Another reason for multiple sequences is poly A tails. Most cDNAs are generated by oligo dT priming. This results in a poly A/T stretch at the 3' end of the cDNA. The sequencing chemistry utilises Taq DNA polymerase. This polymerase is not very good at polymerising accurately through long stretches of homopolymeric sequence and it "slips"; by which I mean that it will either add extra nucleotides or remove nucleotides. Hence, not all the synthesised products will be of the same length. This results in multiple sequences after the poly A/T region. Depending on the length of the poly A/T section, the result can be either perfectly fine (generally less than 20 residues of A/T), mildly affected (20-40 A/Ts) or almost unreadable (over 40 A/Ts). In mild cases, it is often possible to correct the sequence by looking for "pre-peaks". This is a identical (but weaker) sequence running 1 nt before the correct sequence and is characterised by a small signal that is identical to the next major signal. e.g. If there is a G followed by a C, one will see a weak C peak under the G peak. If this causes an ambiguous base call (N), then it is fairly easy to correct this. Since this effect is a result of an inherent property of the polymerase, there is no way for us to correct it.

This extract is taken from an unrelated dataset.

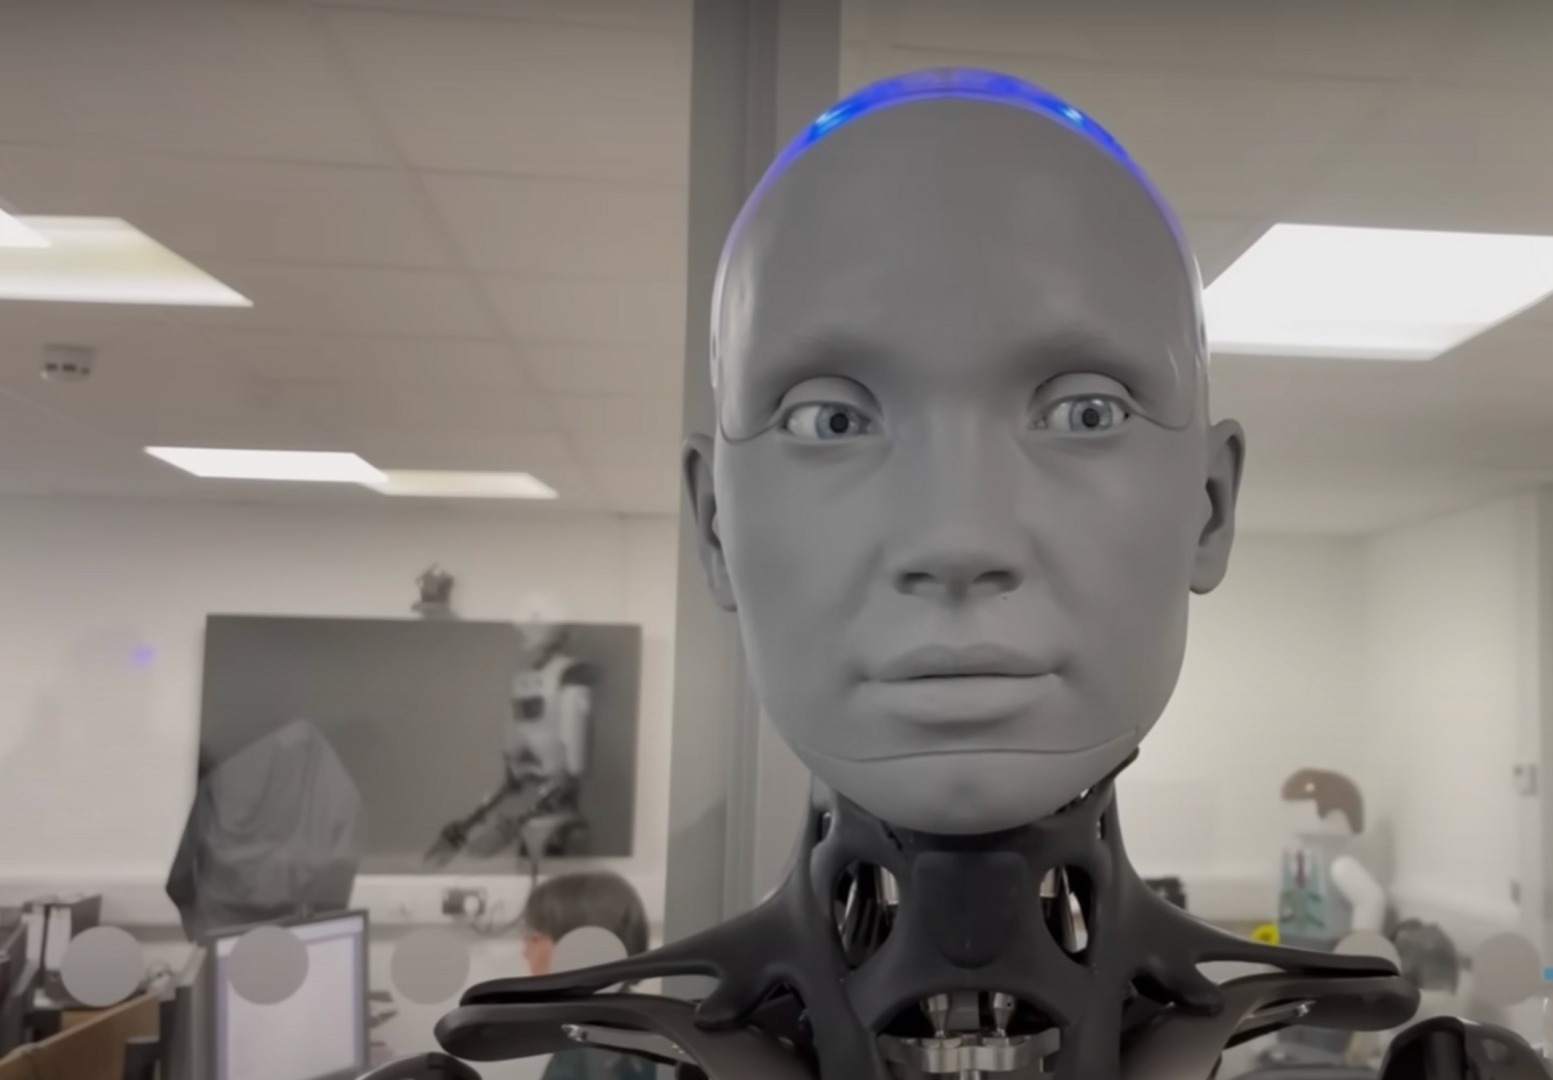 Ameca: The Paradigm of Advanced Humanoid Robotics Envisions an Optimistic Future for Humanity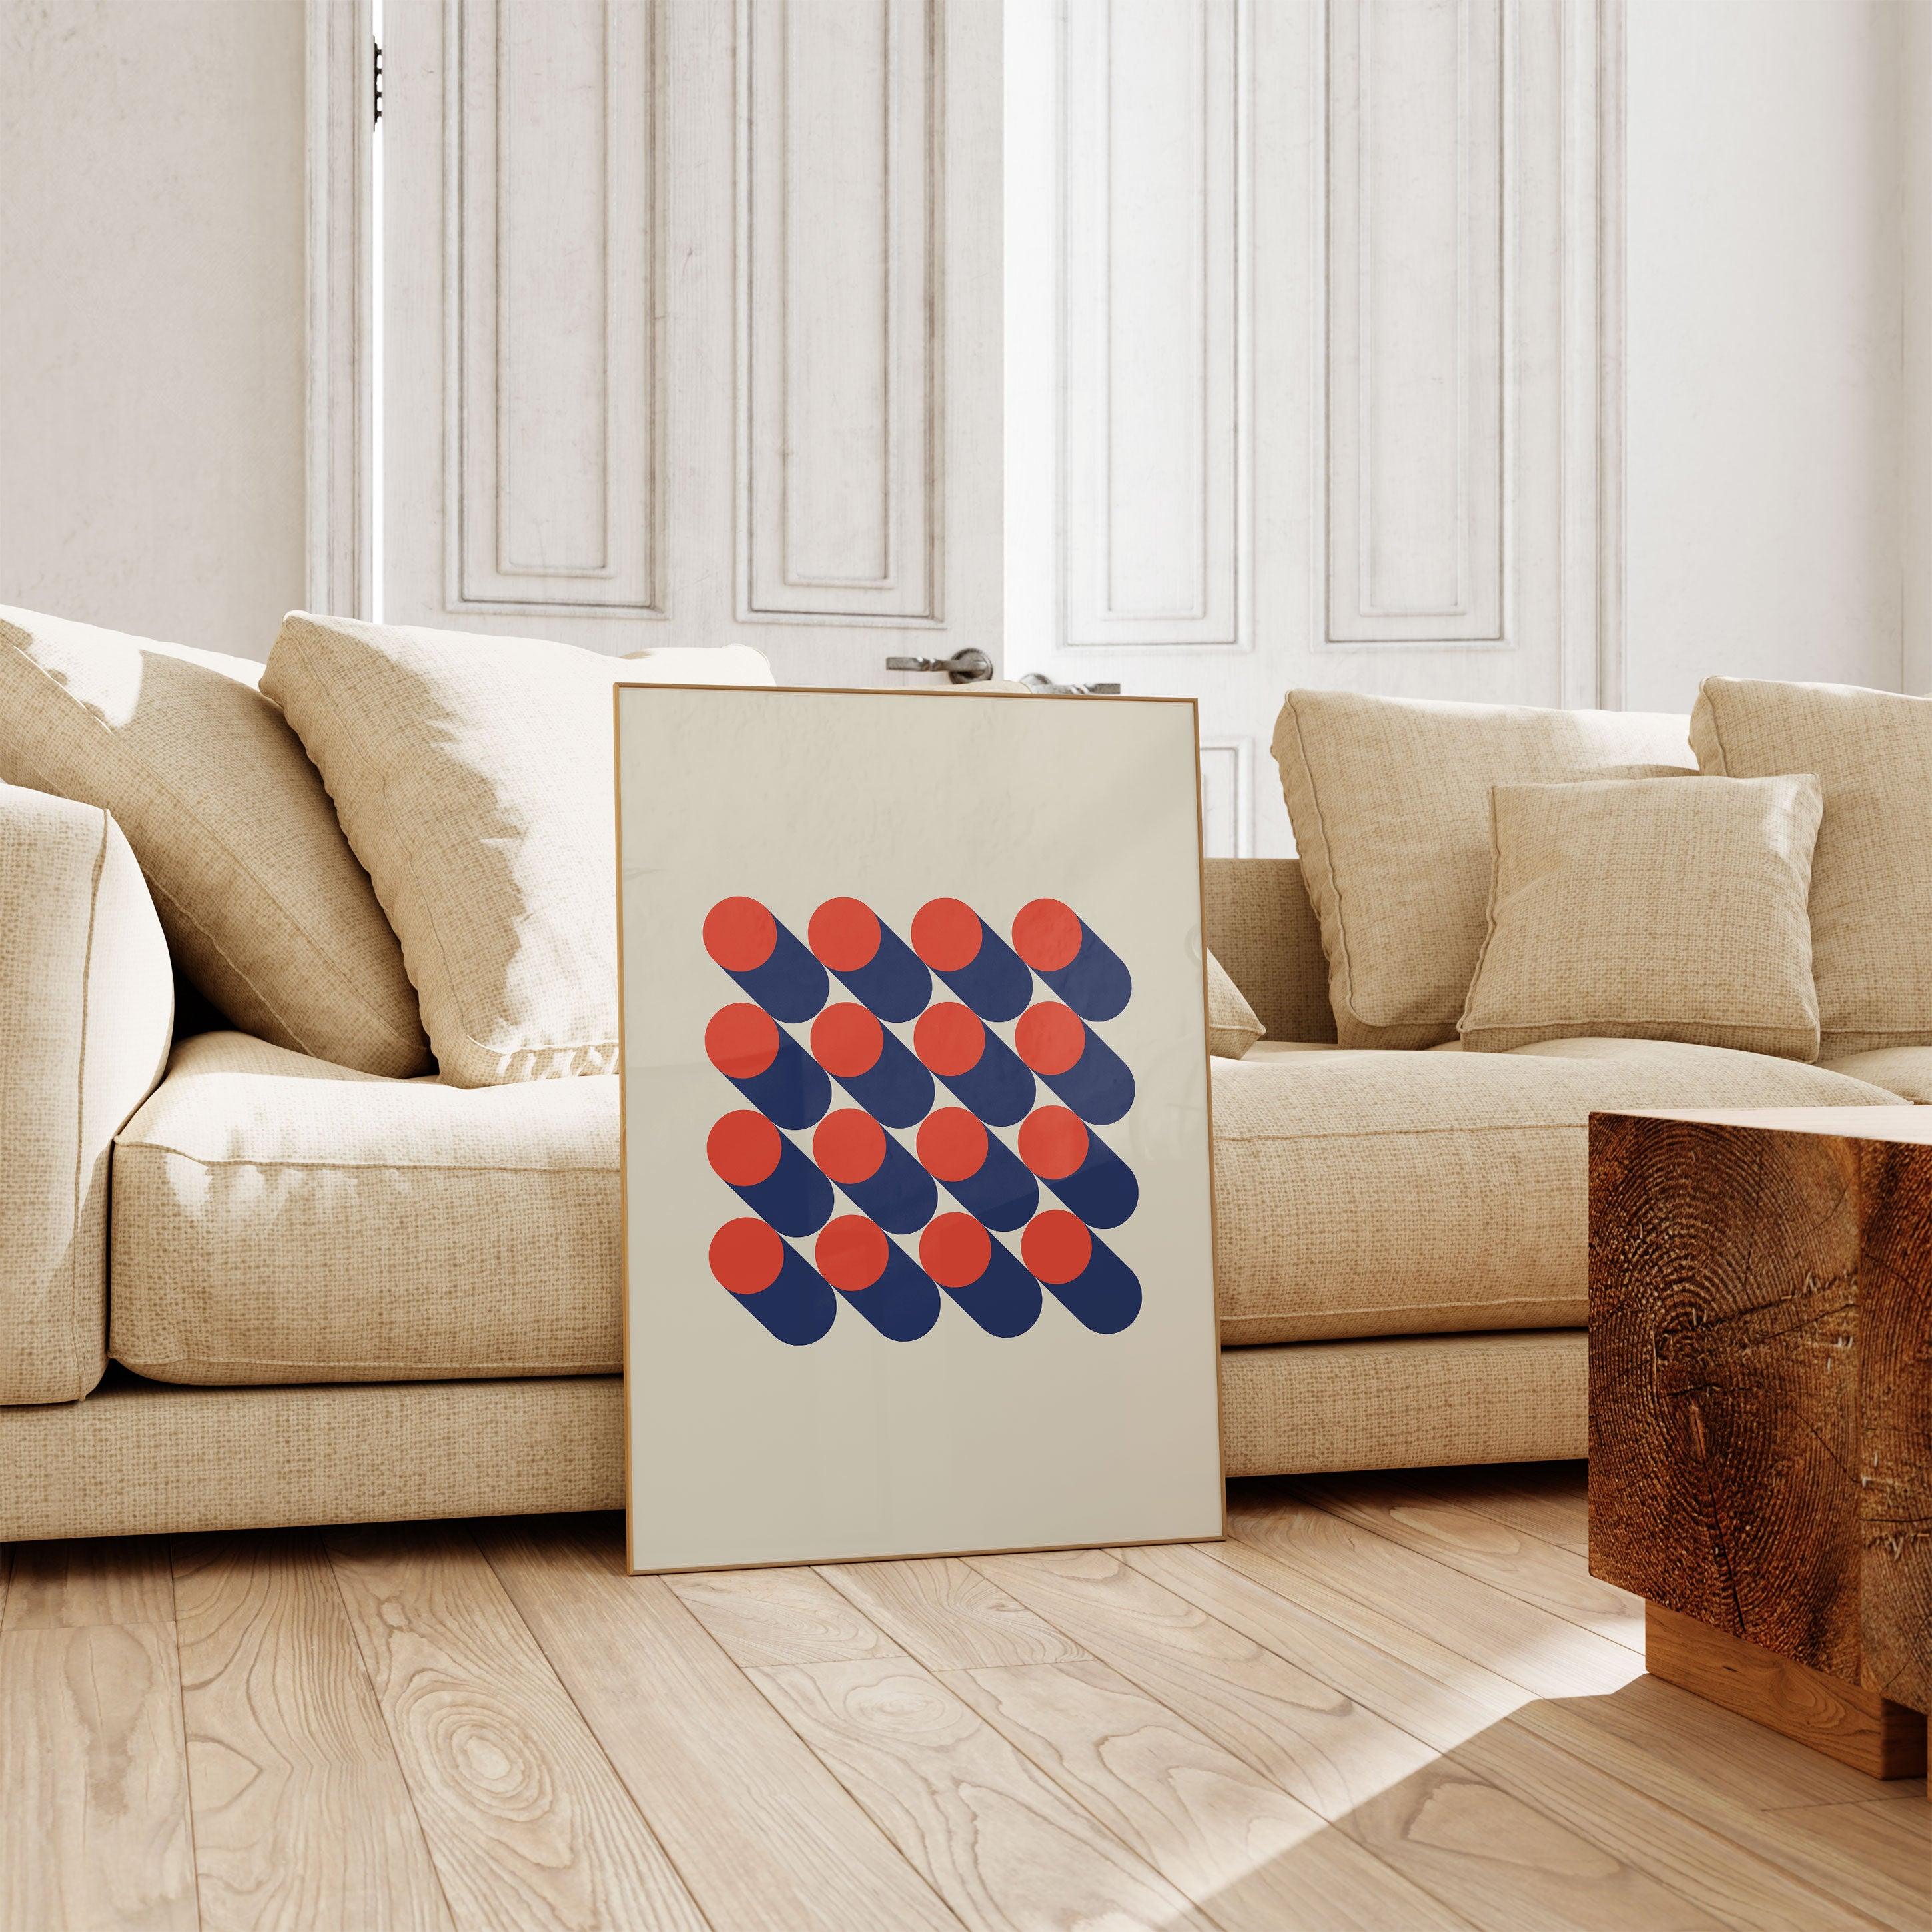 Bauhaus Red Dots - stravee - Wall Art Print

One effect that can be seen that has nothing to do with the template, but causes the same effect is due to poor primer synthesis. Primers are synthesised from the 3' end and so if things go wrong (e.g. a base is not incorporated) it is often at the 5' end (made last). Since the sequencing reaction products are extended from the 3' end, these errors are not removed (if a base was missing from the 3' end, the polymerase would simply fill it in and nobody would ever know!). If a proportion of the primer is n-1 (i.e. lacking the last base) then sequence products made with this primer will be of two lengths (n and n-1 plus whatever gets added by the polymerase). This will yield two sequences at every position. Depending on the amount of n-1 primer, this may or may not be a problem. Usually the amount of n-1 primer is very low (a good primer). However if the amount of n-1 primer is above about 10% of the total, then it is possible to see this in the sequence as a "pre-read" (i.e. there is a small amount of the next base at every position in the sequence). Whilst it is possible to HPLC purify the full length primer from the truncated one, an easier solution is to have the primer remade.

Top

Unusual base composition of templates

Some templates have an unusual abundance of certain bases. They may, for example, be very rich in GC or AT. Alternatively they may contain homopolymeric regions, where only a single base is present or repeat sequences of certain bases. All of these characteristics can present problems. AT-rich templates can make it very difficult to design primers with the desired characteristics (see primer design), whilst GC-rich templates are often very difficult to sequence satisfactorily because the Taq polymerase has great difficulty separating the strands of DNA once they anneal together. Any secondary structures within a single strand also tend to be much more difficult for Taq to polymerise through. Altered reaction conditions can help (e.g. increased denaturation time/temperature and the inclusion of compounds that destabilise base pairing such as DMSO at 5-10%) as can subcloning out smaller regions of the DNA. Homopolymeric regions of sequence are very difficult for Taq to read through accurately, since it tends to "slip" in such areas and miss out bases. This then results in a classical double sequence as described above. Long PolyA tails on cDNA clones are often a cause of this type of artefact.